By the way, I am totally working Steve's plan for how to get yourself married. I remain as conflicted as ever about marriage itself, but I'm determined to try this strategy. Interestingly, every one of my friends with whom I shared the plan and almost every one of you who commented on my blog, was against this plan. Everyone has told me they don't like it, they don't think it will work and it's a bad idea for me. I'm ignoring all of you and doing it anyway. This idea of not getting exclusive with a man until I've taken my time getting to know him over a period of months is not a bad idea at all. I think way too many of us single-never-married's (especially those of us in our 30's, 40's and 50's) tend to date only one person at a time and we become exclusive with them, and start having sex with them, way too soon. Then the whole thing crashes and burns and convinces us we're cursed.
Well, maybe we are cursed, but I'm going to try to lift mine by taking my time and getting to know the men I date, for chrissake. And not eliminating any of them until we've had some damn time to actually get to know each other past the initial flush of I-can't-believe-you-just-quoted-from-my-favorite-Woody-Allen-movie.

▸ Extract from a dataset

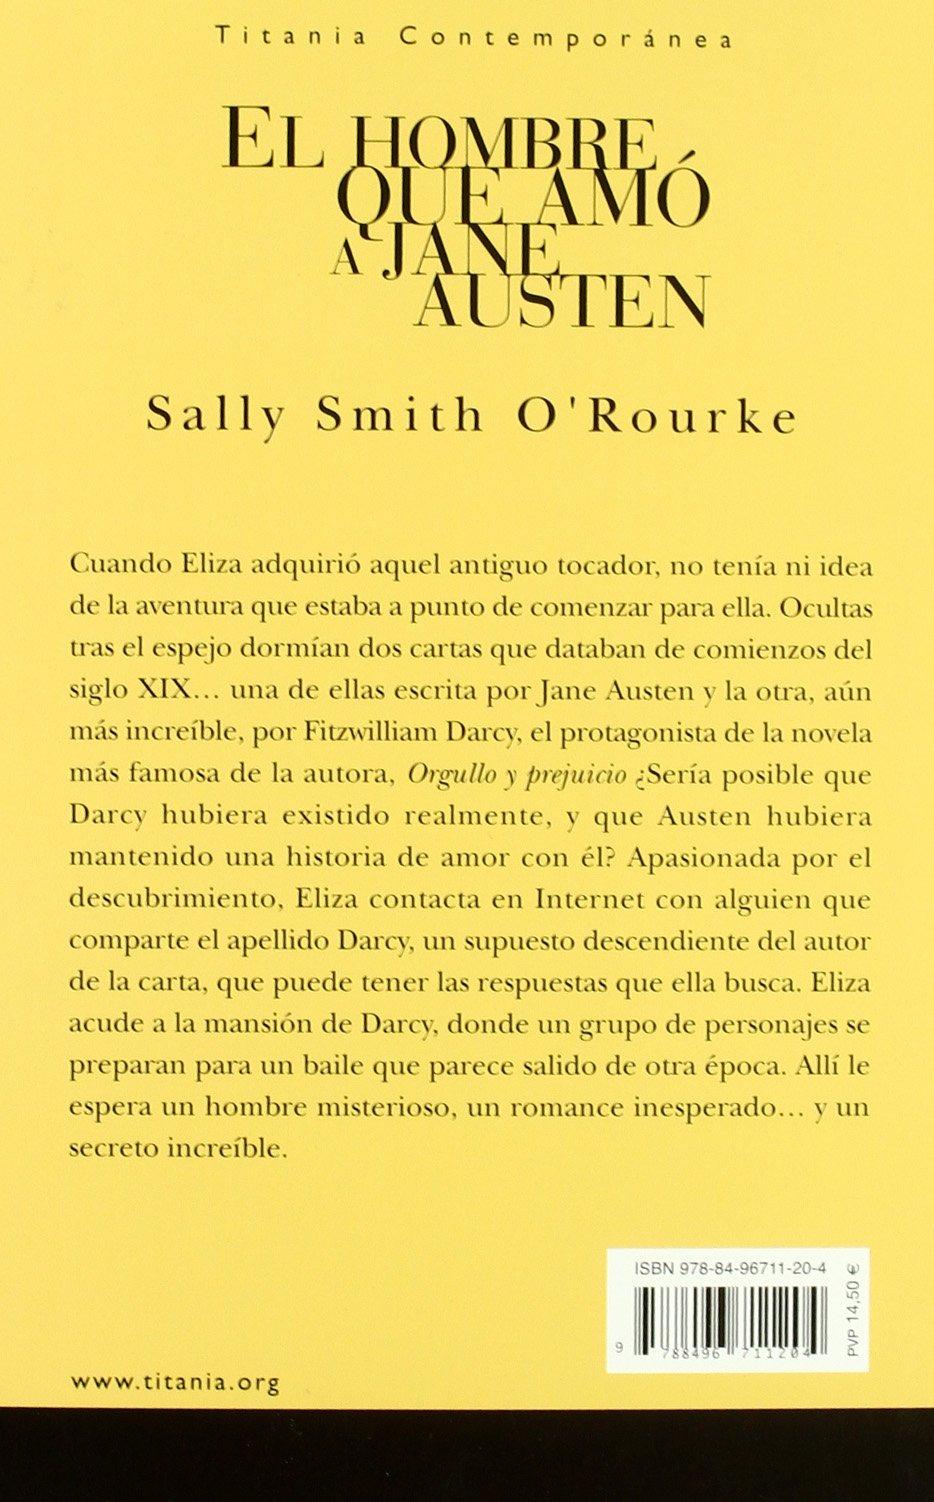 El hombre que amó a Jane Austen (Titania amour): Amazon.es ...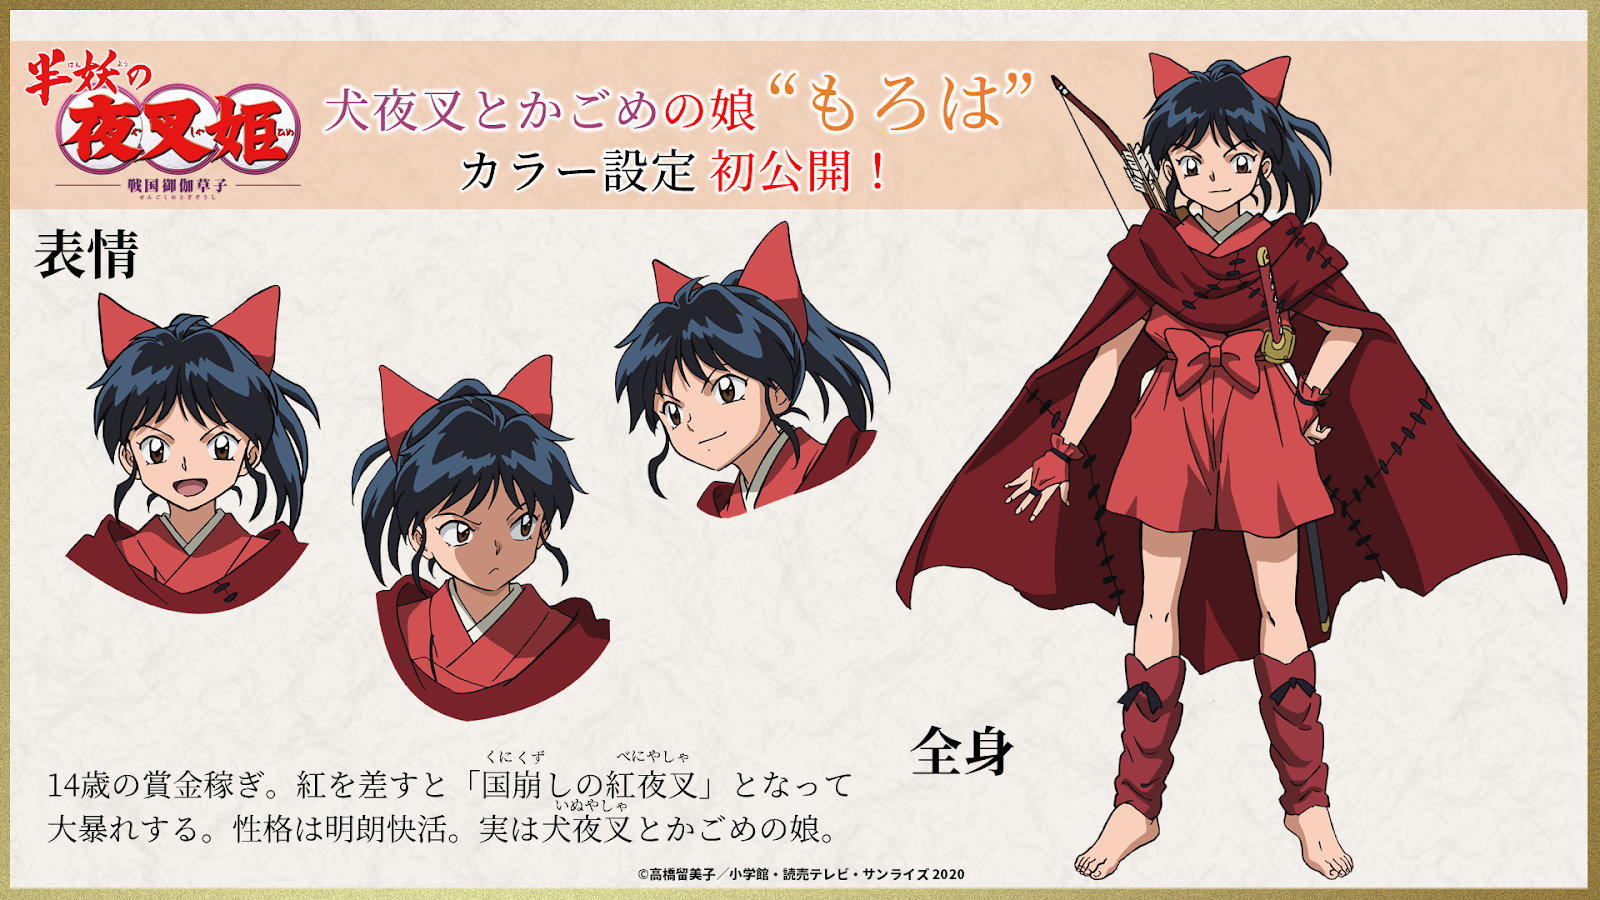 Anime Yashahime Mengungkap Desain Karakter Putri Inuyasha Versi Berwarna Extalia Hobbies

Also, many male friends and male blog commentators made clear that if they dated a woman who followed Steve's plan (eg. asked life goal questions on first date, no sex before 3 months of dating, etc.), they'd stop dating her immediately. This only indicates to me that I have drawn a lot of not-ready-for-marriage guys into my life (and blog) so I'd better not date them.
So, onward with the big experiment that is my life. I will follow Steve's plan for getting married and see where it takes me.